I bade farewell to some old friends last week. Like any who spend a lot of time together, relationships were sometimes strained. But they usually ended on a profitable note. Still, years of uninvolvement spawned strangers who, quite honestly, have no continuing need of one another. It was time to send them packing... so I did.

Some might think me unfeeling, but I've put off for years what I knew would eventually become inevitable. Still, turning loose is hard; they were my salvation in many difficult circumstances.

As times change, so do the needs of our lives. My old friends were demanding and harsh, forcing me to be a certain way, compelling me to rigorously embrace their very narrow tenets. But I've gradually drifted into different waters where I've found new, warmer friends.

With divergent challenges and interests, I simply couldn't live up to their old requirements any longer. Their tiring habits of wanting to insert themselves into situations where they were really misfits cut too deeply across the grain.

Some might say I should never have taken them on... only to abandon them in later years. Perhaps they're right. But we were once compatible, and benefits flowed both ways.

Perhaps you've already guessed. These friends aren't people; they're books.

They are textbooks whose names now have a distant feel, somewhat like cousins you've only met a time or two. Calculus. Engineering physics. Fluid mechanics. Process control systems. Once the indispensable, precision tools of my trade, they've become rusty and useless.

Before plopping them into the Salvation Army box, I carefully opened each one to assure myself I was doing the right thing. What I saw astounded me. There were scads of scribblings in a familiar scrawl--notes in my own handwriting. But understanding was quite a different matter. I might as well have been trying to read Russian. Nothing made sense.

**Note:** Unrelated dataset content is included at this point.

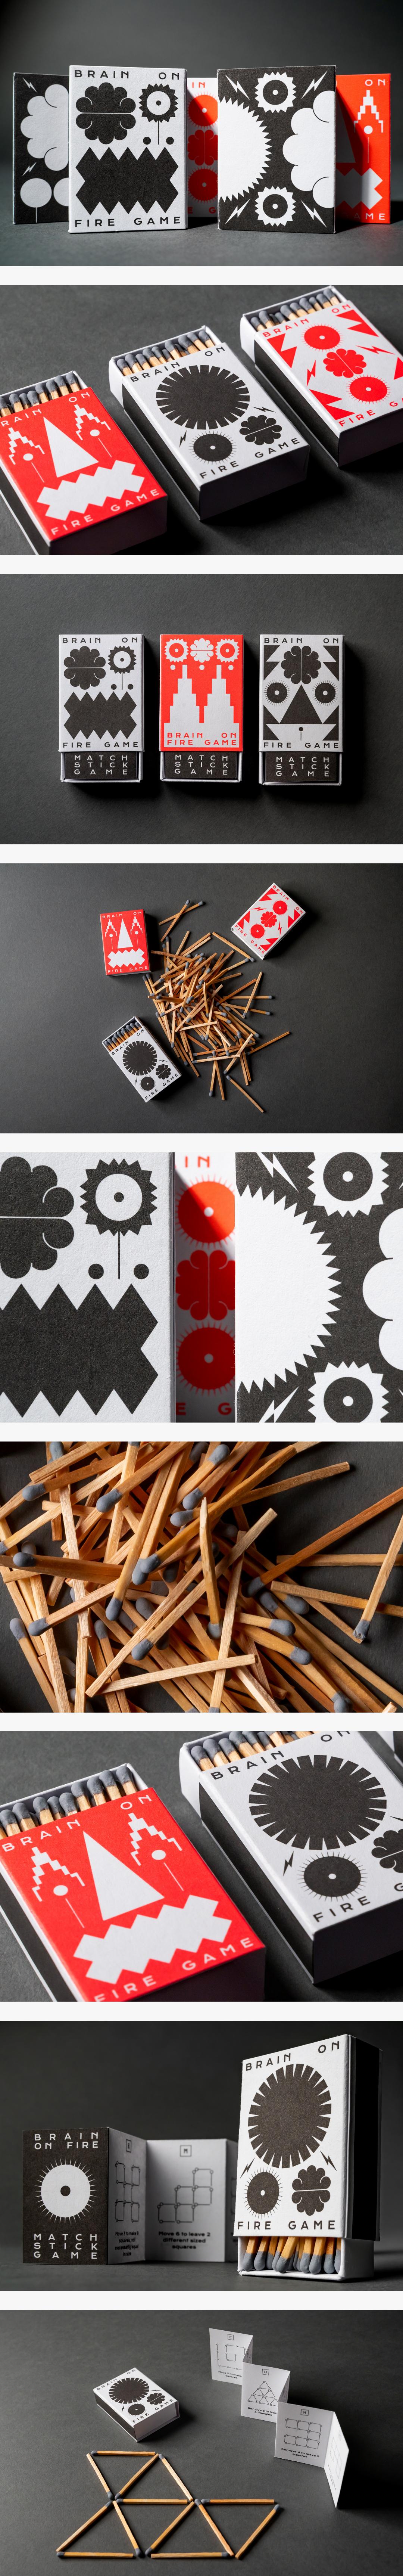 Crafts,Graphic Design,packaging Design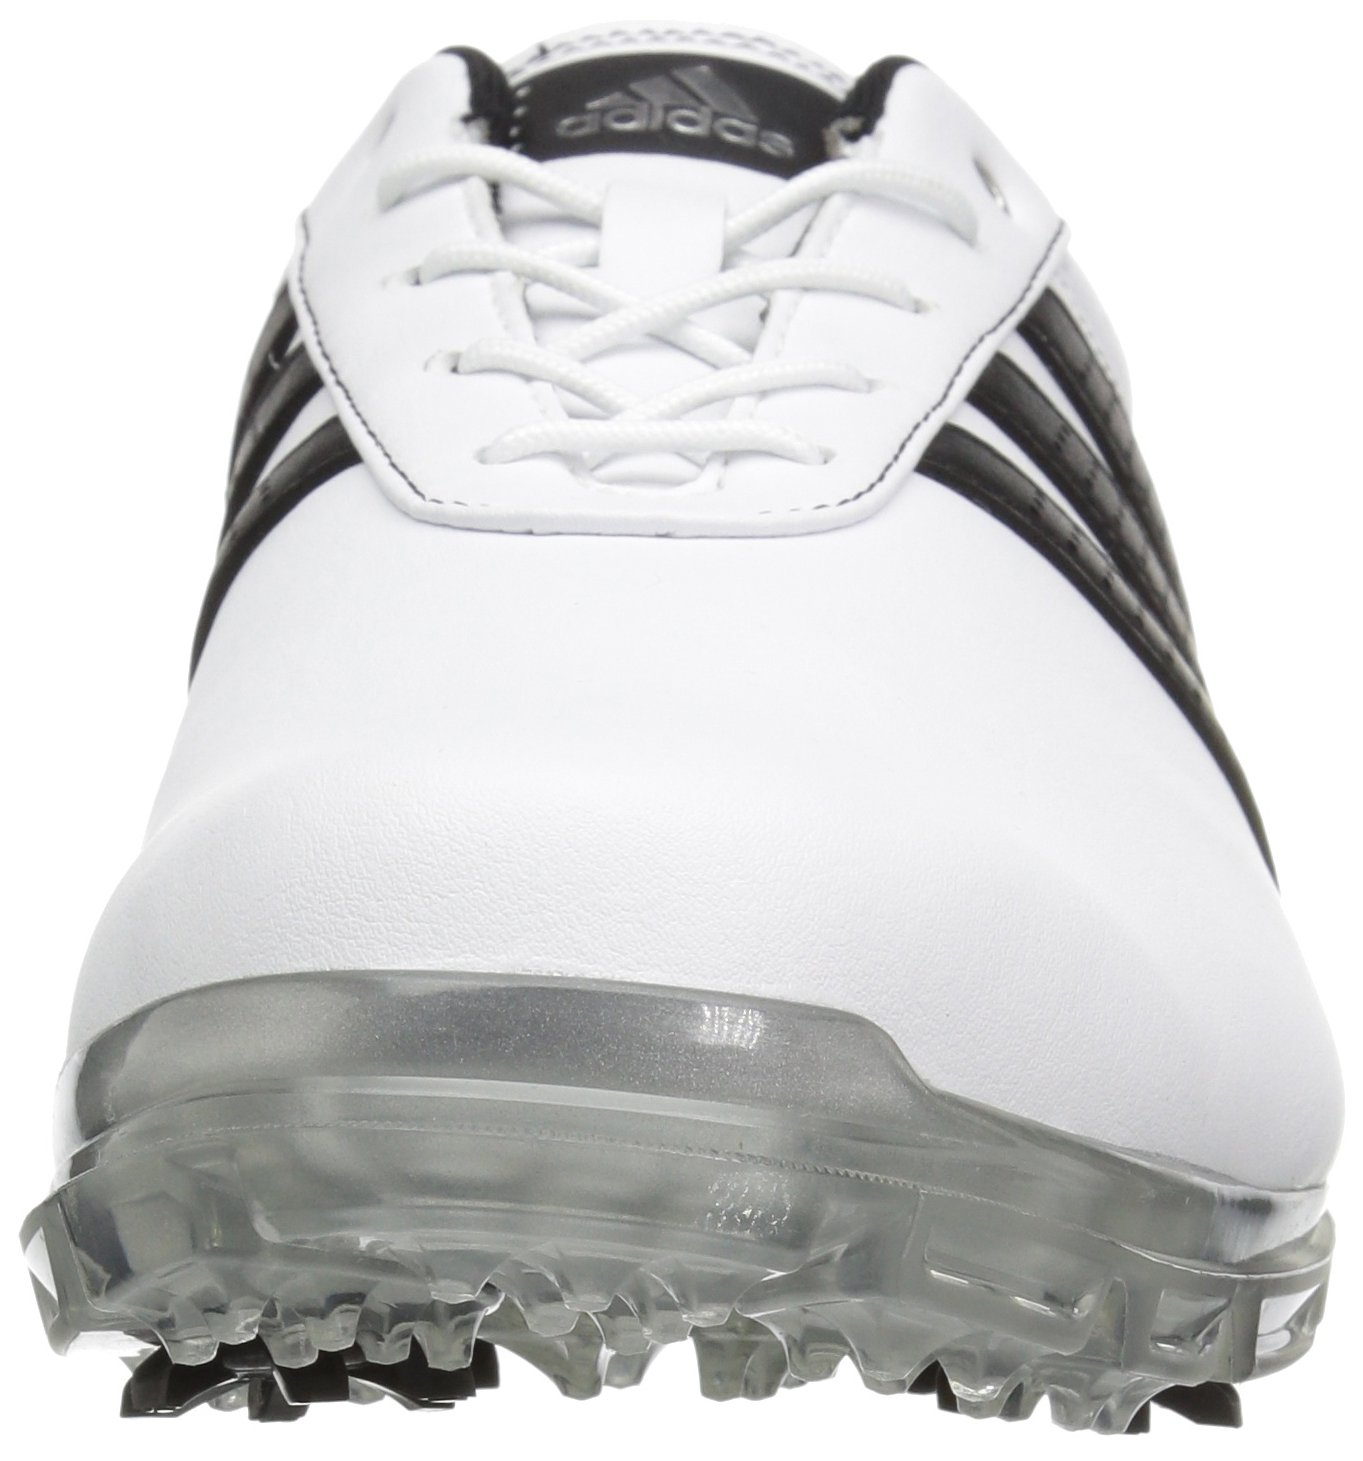 premium selection 14ad6 ce564 Zapatillas de golf Adidas Adipure Flex para hombre Blanco ne

But the name of Bob Harp in the front cover of my physics book ignited a flame of recognition. As a freshman, Bob had once borrowed the book. As I recall, he would come over just before the tests to get some "expert advice" from a senior--as if I really had the answers!

Though an engineering degree may have seemed a distant dream to Bob in 1968, he is now a successful engineering consultant. After seeing his name, I called him on the phone and thoroughly enjoyed a few minutes of "catching up."

I have no hopes of restored relationships with my old books; the years have taken too great a toll. But friendships with people can be different, and with proper maintenance, they can survive. We never know when we might need each other.

Thank you, Bob Harp, for speaking to me from that dusty book. It may be gone, but our relationship isn't. And you didn't make me read Russian to refresh it, either!